Pourquoi ce document s’appelle le Bon Samaritain ?

« Notre coeur doit savoir regarder ». Le Bon Samaritain a un coeur qui regarde. C’est son coeur qui a parlé. Il a donné de son temps et de son argent. Nous n’avons pas à choisir qui est notre prochain.

Que rappelle cette lettre sur la personne humaine ?

Cette lettre rappelle l’anthropologie, c’est-à-dire le sens de la personne humaine. Il y a une dignité qui s’impose à nous. Cette dignité n’a pas de critères. Le corps médical n’a pas à décider des critères. Notre humanité s’impose à nous et ne se perd pas. Ces personnes malades convoquent notre humanité. Et elles nous font du bien.

Que dit cette lettre sur l’euthanasie ?

On sait que les demandes d’euthanasie ou de suicide assisté relèvent d’un sentiment d’abandon. En réalité, ce que nous dit le cardinal Ladaria, qui signe la lettre avec l’approbation du pape, c’est que toutes ces demandes sont en fait des appels au secours. S’il y a de l’aide et de l’amour, et si la souffrance est diminuée, ce n’est plus la demande d’euthanasie qui sprévaut.

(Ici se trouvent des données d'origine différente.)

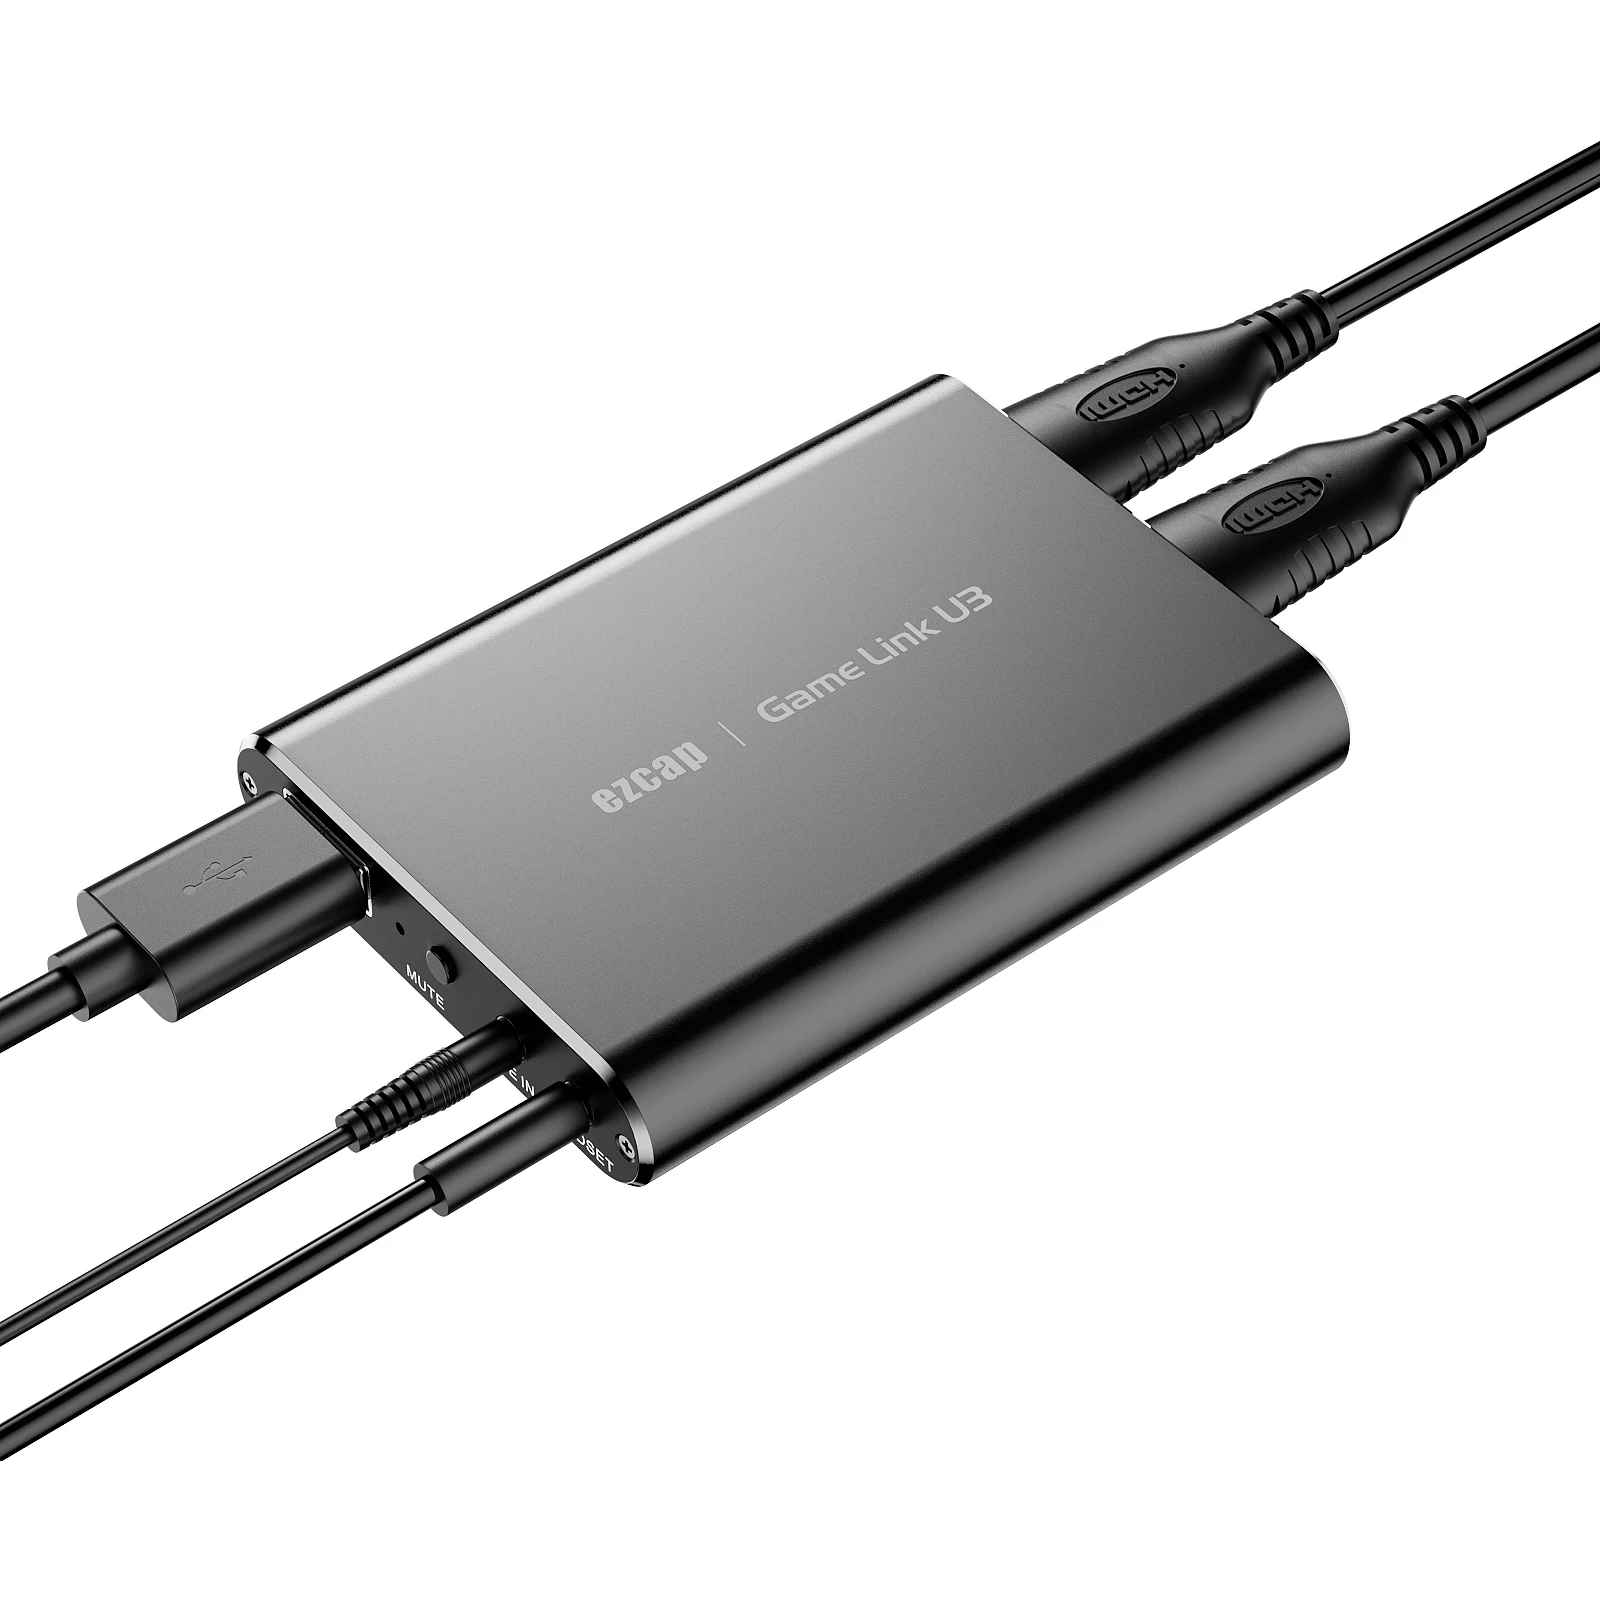 Ezcap371 U3 4K 60hz Loop UVC USB3.0 HDMI Карта видеозахвата YUY2 1080p 60fps Запись прямой трансляции для PS4 PS5 Игровая камера ПК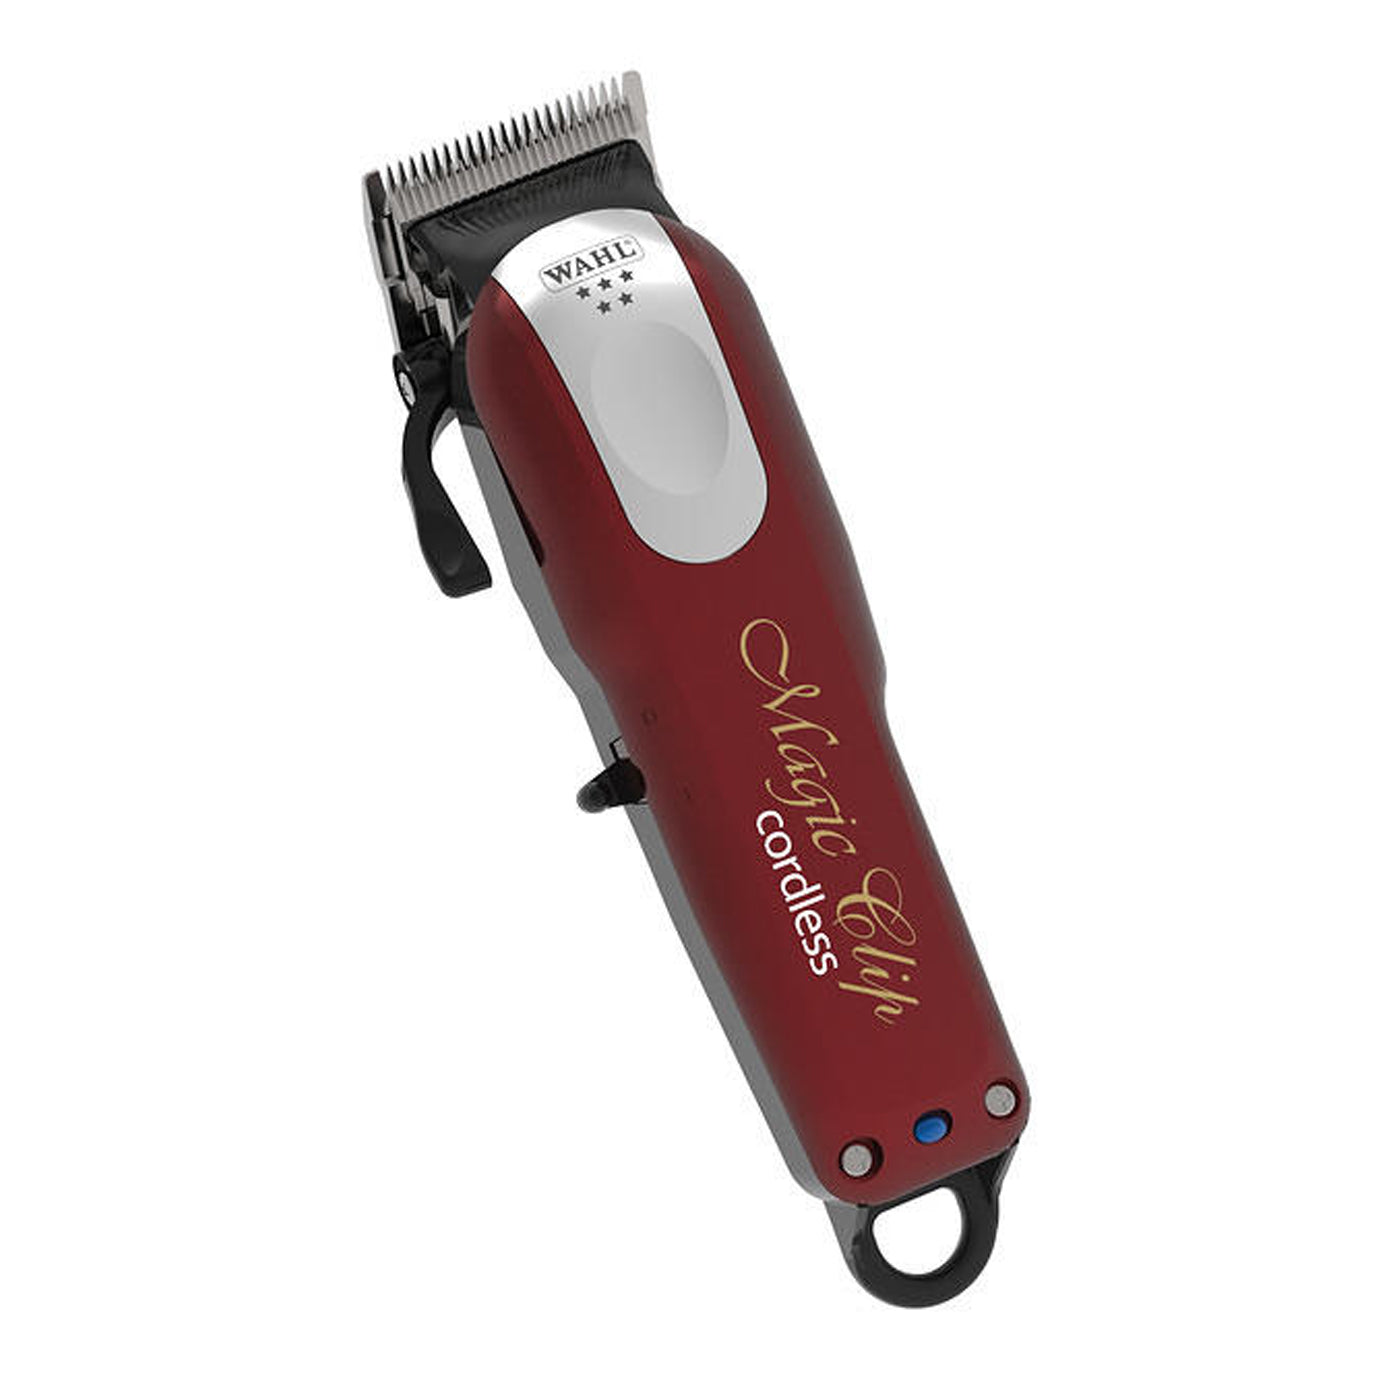 wahl hair trimmer magic clip

C’est alors la qualité de relation humaine qui est mise en valeur. On accompagne mais on n’accélère pas la mort. Les chrétiens doivent faire objection de conscience lorsqu’on leur demande de collaborer à des demandes d’euthanasie ou de suicide assisté.

Que retenez-vous de cette lettre ?

  • Nous sommes dans une culture de l’individualisme. On oublie trop souvent que les individus sont dans une vie relationnelle. Nous sommes tous reliés les uns aux autres, et au Créateur.
  • Comme le dit le pape François, nous sommes dans une culture du déchet. Les personnes âgées ne sont pas à jeter. Elles font partie de la vie. Elles sont nos racines. C’est elles qui nous ont donné la vie. Ils nous faut les accompagner avec dignité, jusqu’au bout.